Read more: Climbing (director implicated), The Travel (traveler protection tips)
Ninety-Four Billion and Counting
Nepalis sent Rs 93.89 billion ($617 million) out of the country for overseas education in the first eight months of this fiscal year, up 8 percent from the same period last year and part of a climb that's been running since the pandemic. The net outflow, after accounting for the Rs 4.10 billion foreign students brought in, hit Rs 89.79 billion. Former National Planning Commission vice-chair Prakash Kumar Shrestha says the government talks about improving education but has no policy to bring graduates back, and schools here don't prioritize foreign degrees even when students do return.
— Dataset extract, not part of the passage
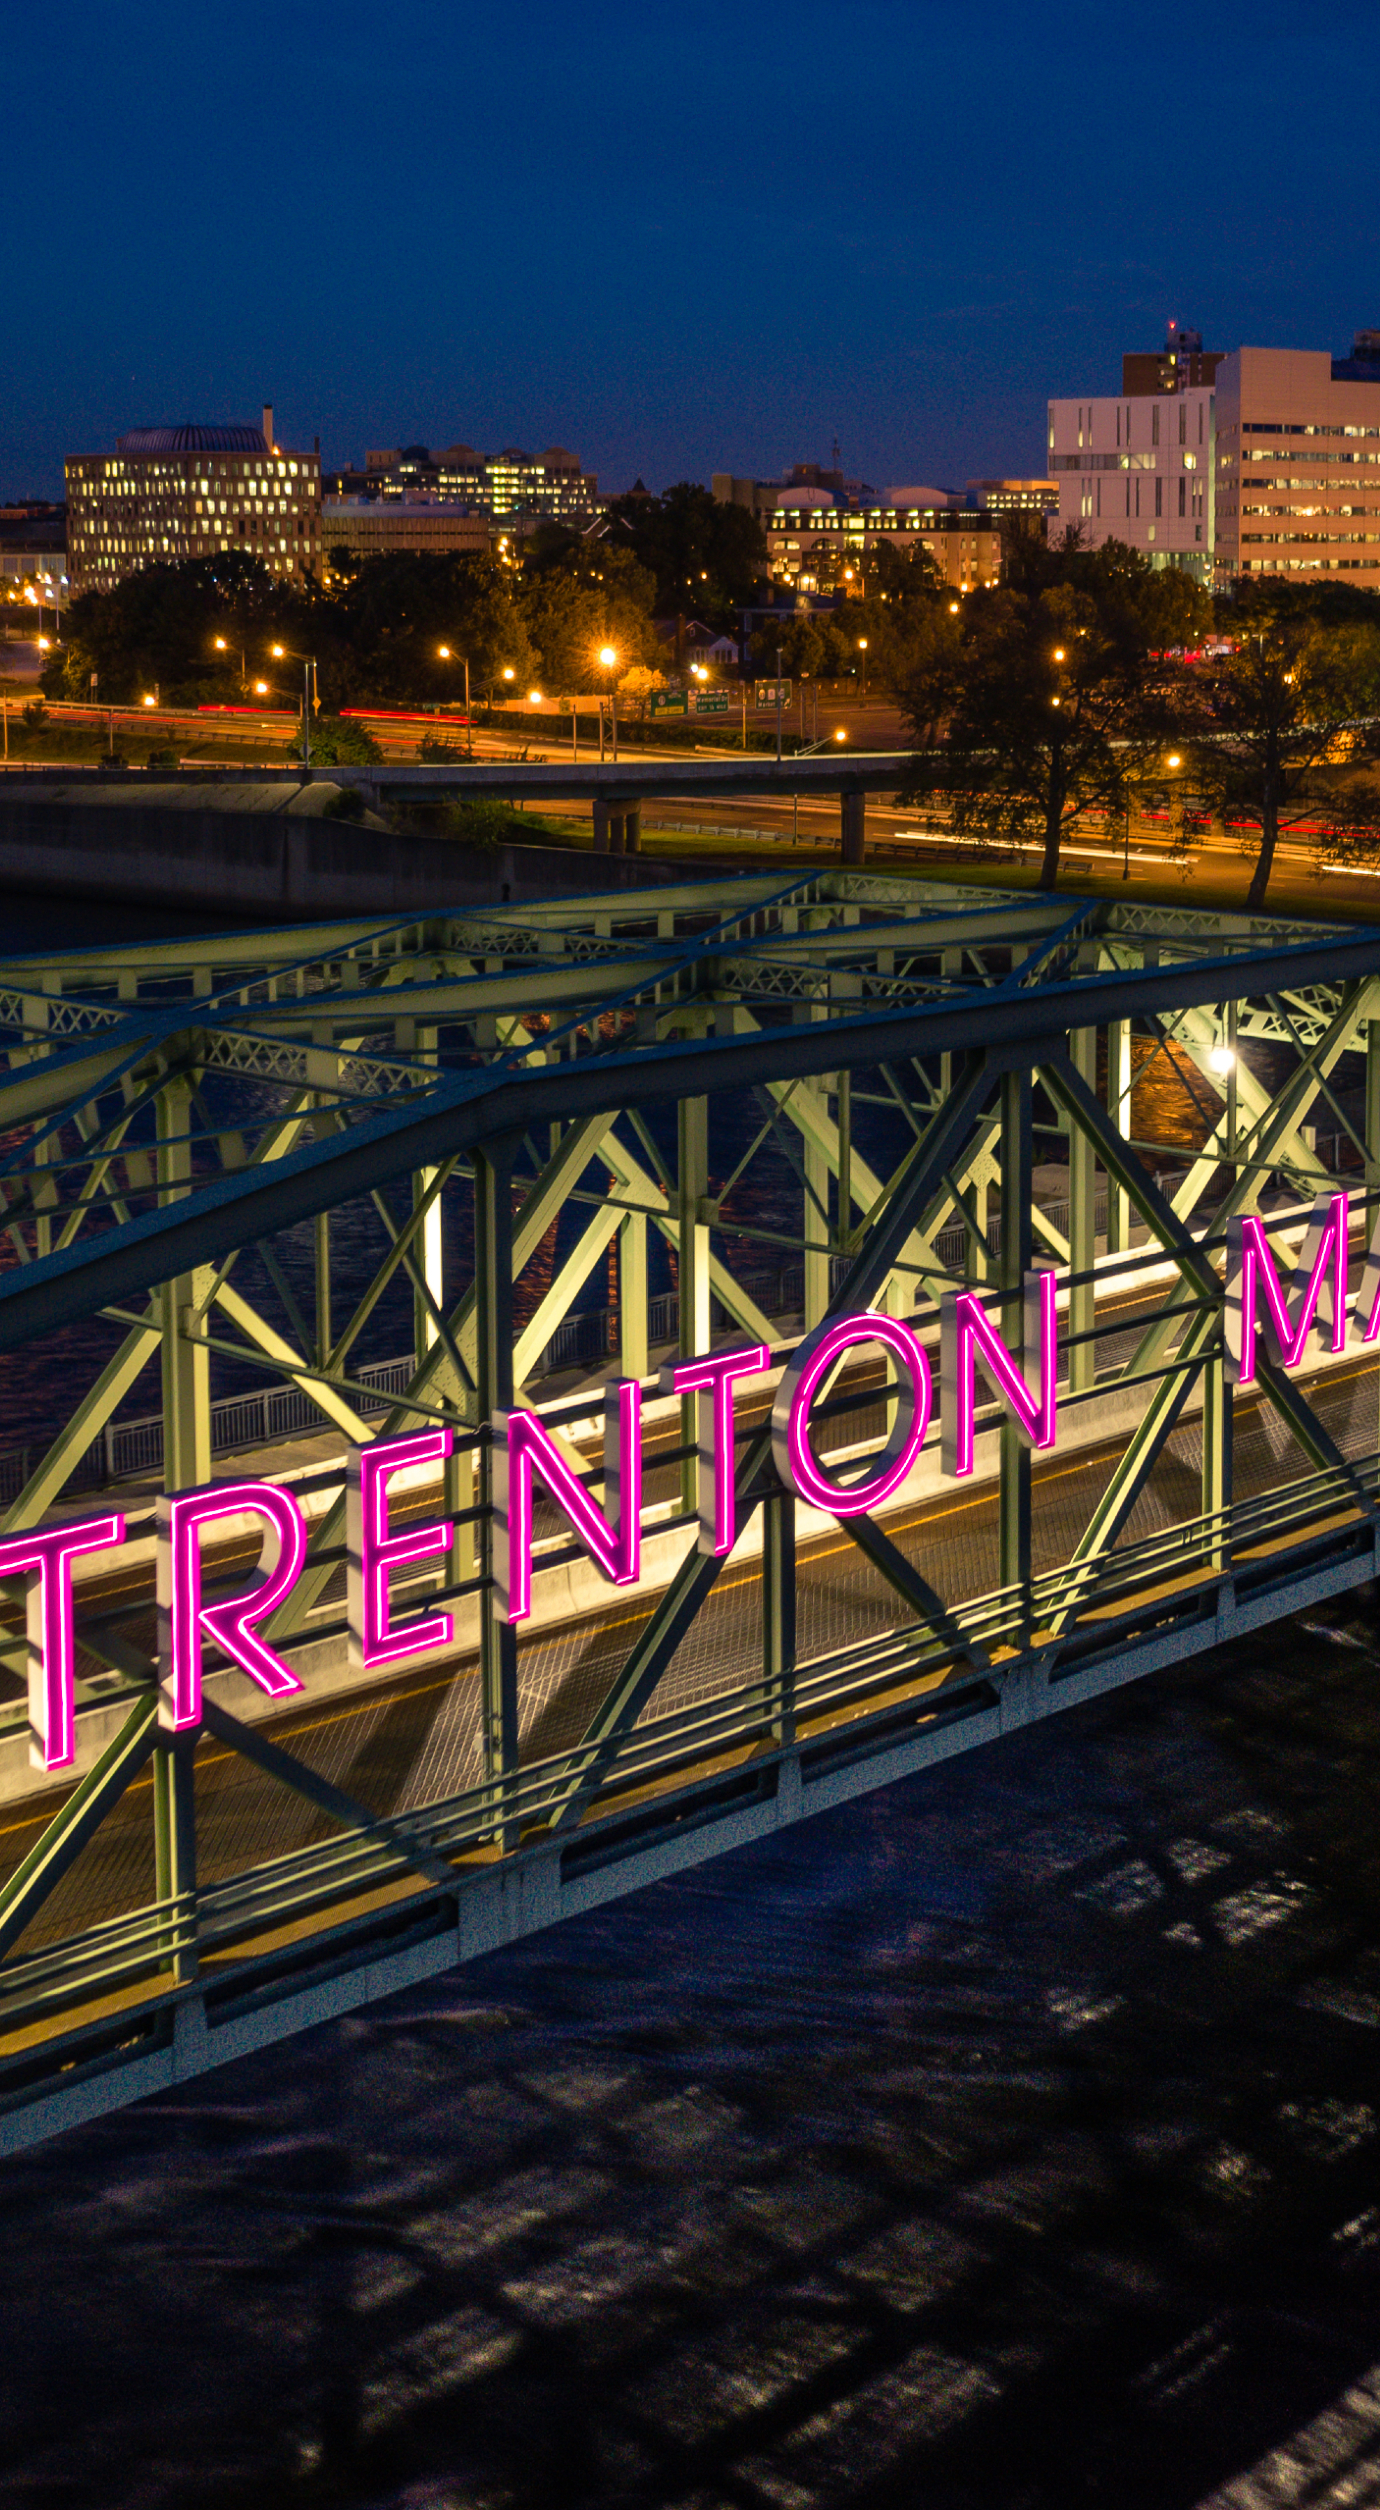 Trenton NJ bridge at night

Read more: The Kathmandu Post
Balen's Bureaucrats Get a Week to Empty In-Trays
The government launched a "Zero Pending Files" drive from April 13 to 20, ordering every public office to clear backlogs and track stalled decisions daily. Files pending beyond three, seven, or 15 days face will get a mandatory review, and officials are being told to stop kicking decisions upstairs unnecessarily. The procurement office also released a draft amendment to the 19-year-old Public Procurement Act on April 8, proposing reverse auctions, forfeiting bank guarantees if contractors pocket advances without starting work within 30 days, and holding project officials personally accountable. The Prime Minister's Office published an 18-point "national commitment" synthesizing the economic plan outlined in Story 3 and requested feedback by April 23. A separate initiative targets reclaiming government land still occupied by party-affiliated trade unions despite a 2022 policy requiring them to pay leases or vacate.
Read more: Khabarhub (income target), The Kathmandu Post (six parties listed), myRepublica (tracking mandate), myRepublica (30-day forfeiture), The Kathmandu Post (monthly lease)
Passport Plus What, Exactly?
The Department of Foreign Employment told migrant workers on April 6 to show up at Tribhuvan International Airport with air tickets, invoices, and receipts for fees paid to manpower agencies. The Department of Immigration said workers need only a passport and labour approval, nothing more. The contradiction revived a turf war that last flared in July 2023, when 138 workers bound for Kuwait were stopped at the airport despite holding valid approvals. Labour expert Rameshwor Nepal called the receipt requirement "immature," noting that under free visa, free ticket programmes in Saudi Arabia, Malaysia, the UAE, and Mauritius, workers often don't have receipts to present. The Nepal Association of Foreign Employment Agencies objected that mandating receipts without policy reform would burden workers caught between two agencies that can't agree on paperwork. As of publication, the receipt requirement has not been formally withdrawn, leaving workers to guess which set of rules applies at the gate.